US consumer prices rise sharply despite Federal Reserve rate increases
The rapid rise in US consumer prices showed no signs of abating in September, prompting a see-saw trading session on Wall Street, as investors weighed whether the Federal Reserve will have to become even more aggressive to slow rampant inflation.
The consumer price index’s core measure of inflation, which strips out volatile energy and food costs, rose 6.6 per cent on an annual basis last month, faster than the 6.3 per cent rate in August — and its fastest pace in four decades.
The increase in the overall CPI last month, including energy and food, rose 8.2 per cent over a year earlier, little changed from the 8.3 per cent annual rise recorded in August.
Compared with the previous month, overall CPI rose 0.4 per cent while the core measure increased 0.6 per cent.
The S&P 500 dropped 2.4 per cent shortly after Wall Street’s opening bell on Thursday; before markets opened, the futures market had indicated a 1.3 per cent gain. However, stocks staged a dramatic turnround and closed 2.6 per cent higher. The Nasdaq Composite ended 2.2 per cent higher, recovering from a decline of about 3.2 per cent.
The yield on two-year Treasuries, which is sensitive to changes in monetary policy expectations, surged 0.24 percentage points to 4.53 per cent, its highest level since mid-2007, before dropping back to be up 0.18 percentage points up on the day.
Jamie Dimon, chief executive of JPMorgan Chase, said that while he could not predict whether tougher monetary policy would plunge the US economy into a deep recession, the failure of markets to sell off more sharply was an indication investors still believed a “mild recession” was possible.
“My point, in the tough recession, you would expect the market to go down around another 20 or 30 per cent,” Dimon said on Thursday at the Institute of International Finance annual membership meeting.
Dimon noted that consumer spending was still much higher than before the Covid-19 pandemic, adding that consumers “could probably do that for another nine months before inflation and spending catches up with them. Which is why I think you’re going to see a strong economy for a while.”

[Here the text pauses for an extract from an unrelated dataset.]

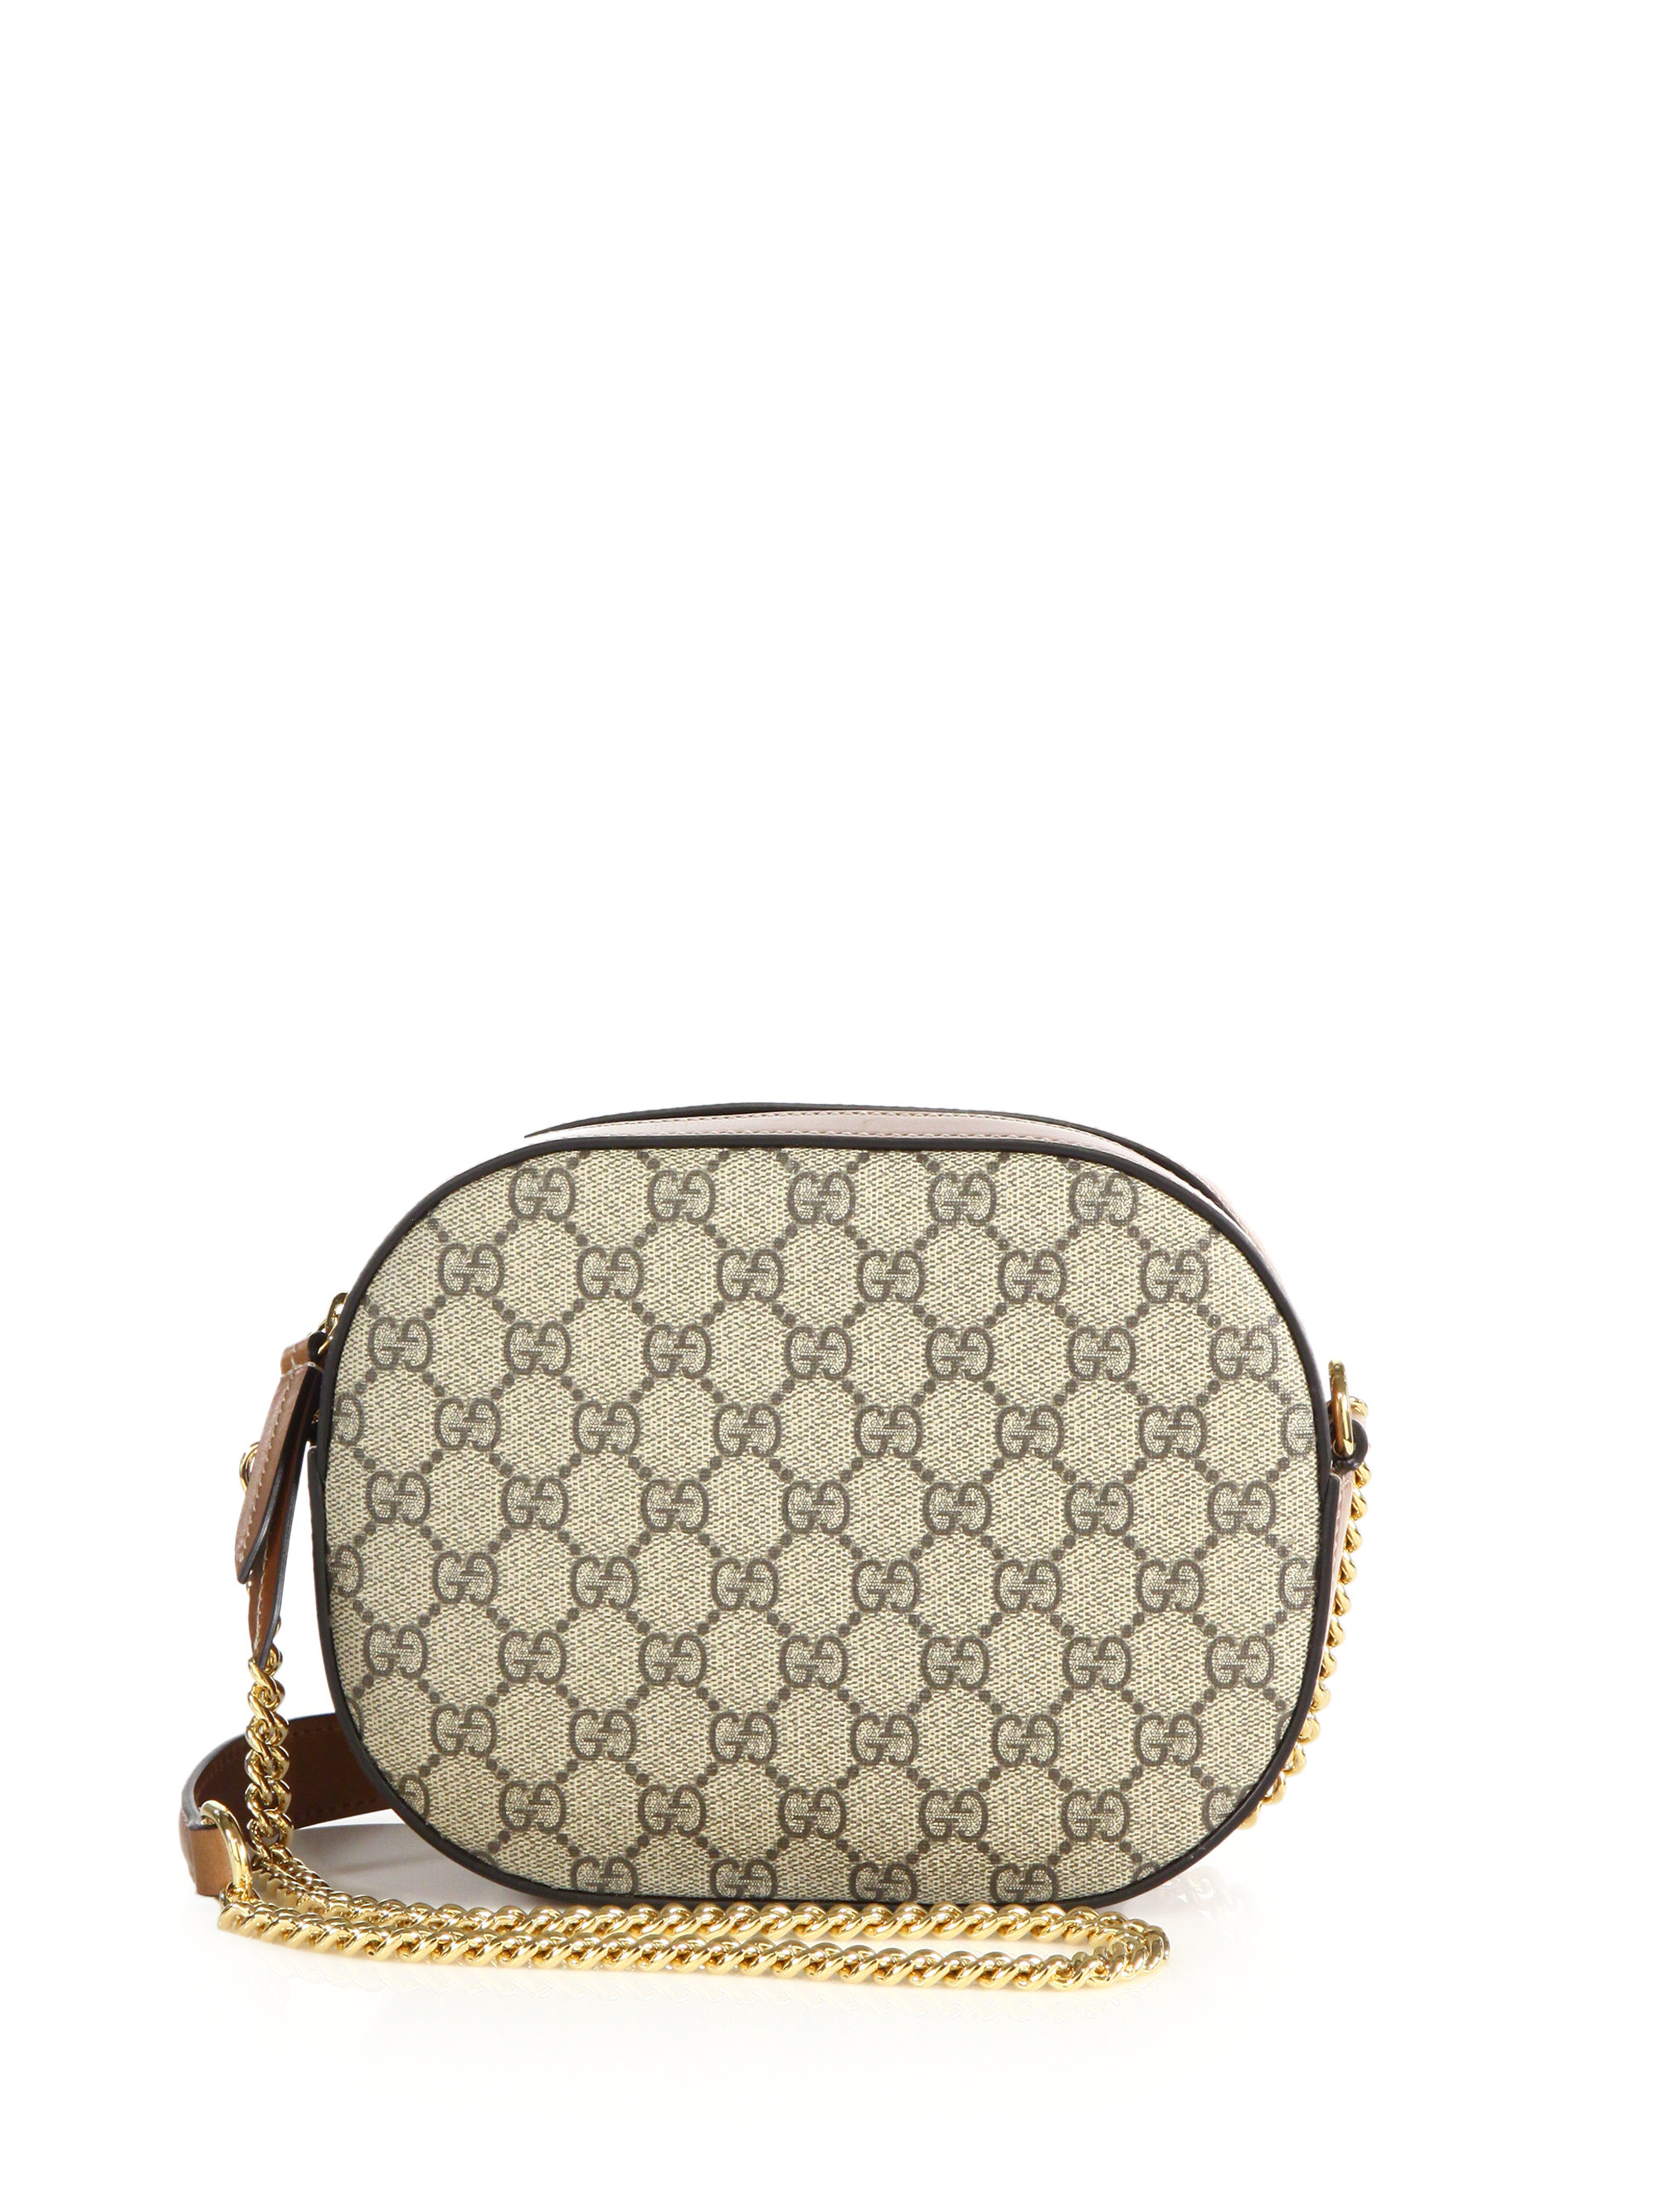 Lyst - Gucci GG Supreme Canvas Mini Chain Bag in Brown

Investors and economists had been looking for signs that the Fed might start to slow the pace of its interest rate rises from the 0.75 percentage point increases it has announced at each of its past three meetings. But the CPI data released on Thursday suggest such a move is not yet on the immediate horizon.

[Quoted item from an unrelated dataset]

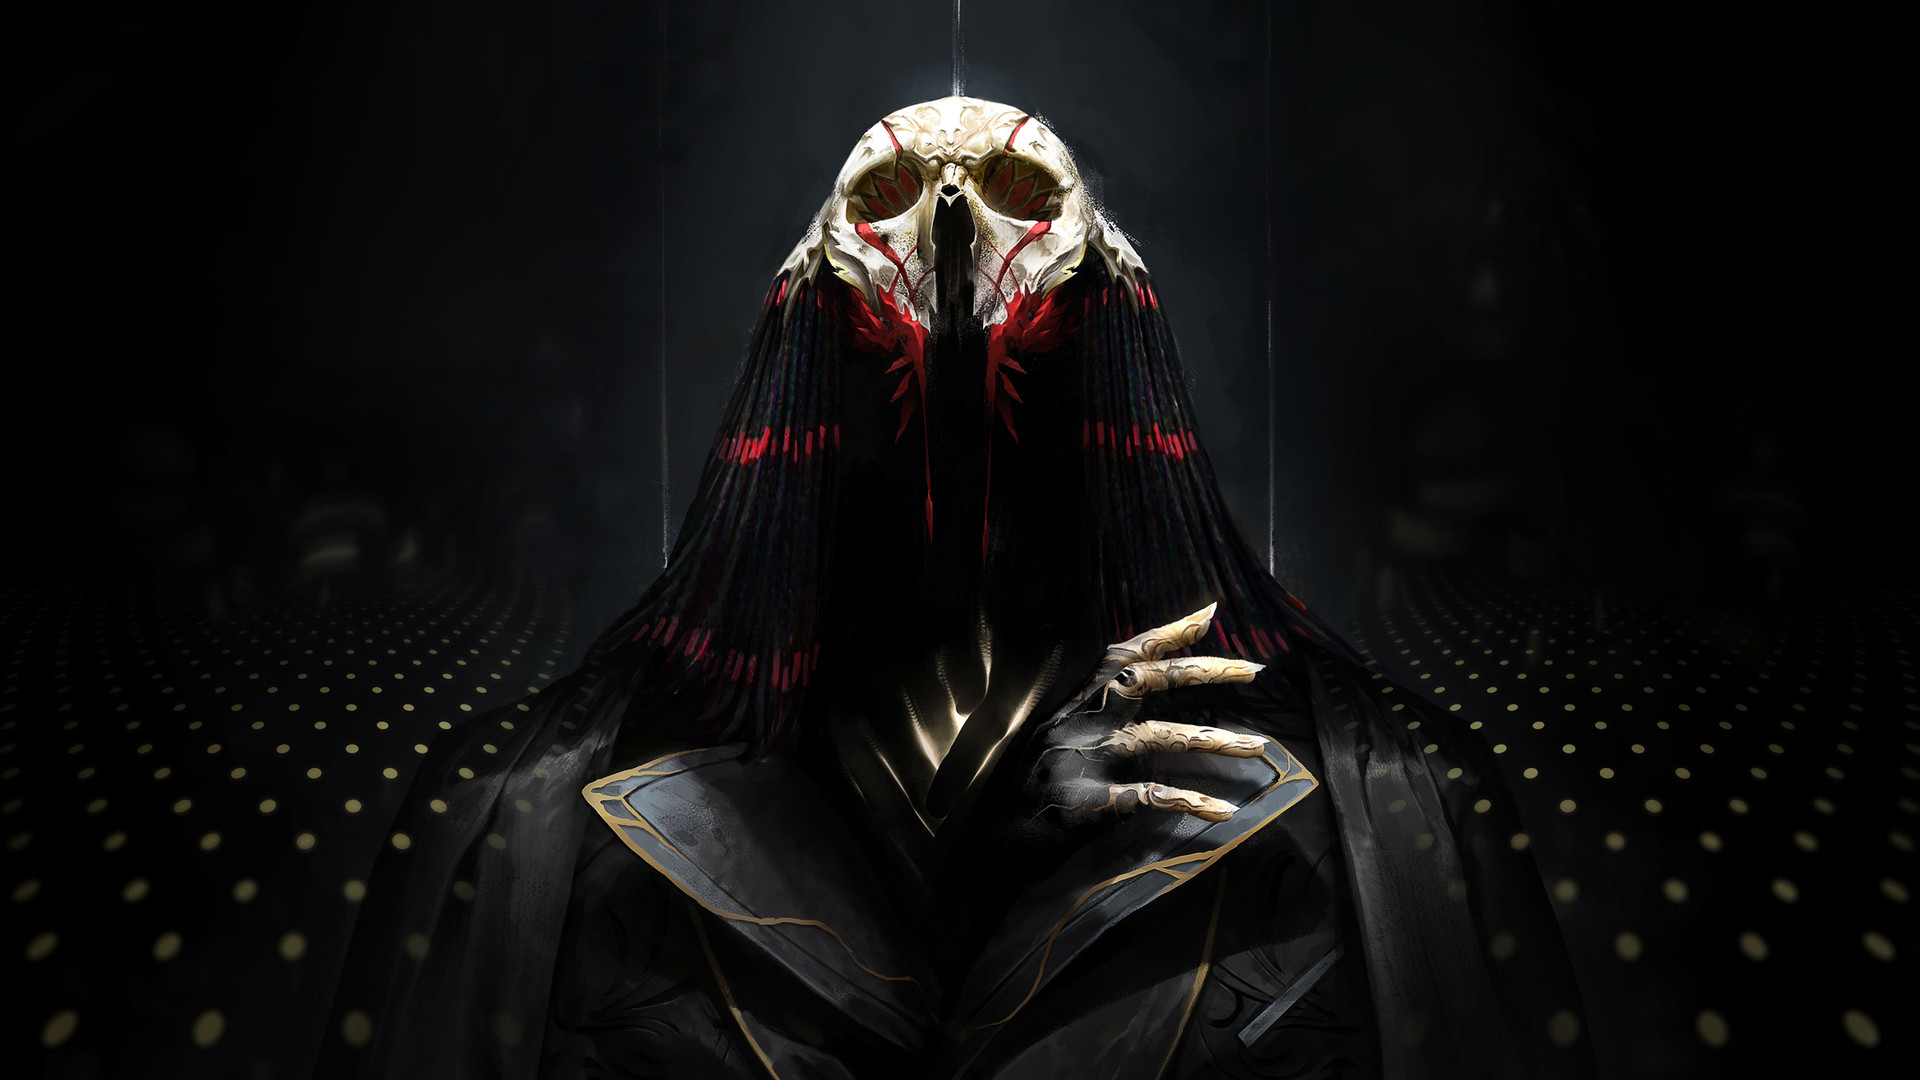 Free download wallpaper Dark, Creature, Skull on your PC desktop

Following the report, traders in the futures market priced in a 98 per cent chance that the Fed would lift interest rates by 0.75 percentage points in November, compared with 84 per cent on Wednesday.
Kathy Bostjancic, chief US financial economist at Oxford Economics, said consumer inflation remained “stubbornly elevated” due to “a continued broad-based surge” in prices for core services. “High inflation readings will keep the Fed in an aggressive tightening mode and on course for at least another 125 basis points this year,” she wrote in a note.
The futures market now expects the fed funds rate to reach 4.94 per cent by May 2023, up from 4.65 per cent the previous day. The central bank’s policy rate is in a target range of 3 per cent to 3.25 per cent.
One of the most troubling features of the CPI report was that housing costs — described as “shelter” in the data — rose 0.7 per cent in September, as much as they had the previous month, and were up 6.6 per cent on an annual basis.
The persistence of high inflation has been a huge political challenge for the White House and congressional Democrats, overshadowing a swift recovery out of the pandemic with millions of jobs created since Joe Biden took office as president.
In a statement on Thursday, Biden acknowledged that Americans were “squeezed by the cost of living” and said there was “more work” to do to fight inflation even though some “progress” had been made. He said that if Republicans take control of Congress in November’s midterm elections, “everyday costs will go up, not down”.
Republicans have made rising prices a central part of their message to voters, blaming the Biden administration and tying the rise to the Democrat-led stimulus enacted by the president in March 2021 that injected $1.9tn into the US economy.
On Wednesday, several Republican lawmakers and candidates jumped on new figures showing that the producer price index, a measure of wholesale prices for businesses, rose faster than expected in September.
Rick Scott, the Republican senator from Florida who chairs the National Republican Senatorial Committee, said inflation was an “unbearable kick for families trying to get back on their feet” in his home state in the wake of Hurricane Ian.
US consumers have received some relief from the fall in petrol prices that occurred over the summer: the peak of inflation under Biden so far came in June, when CPI rose 9.1 per cent on an annual basis. But the administration and Fed officials would have liked to have seen the price increases fade more rapidly than they have.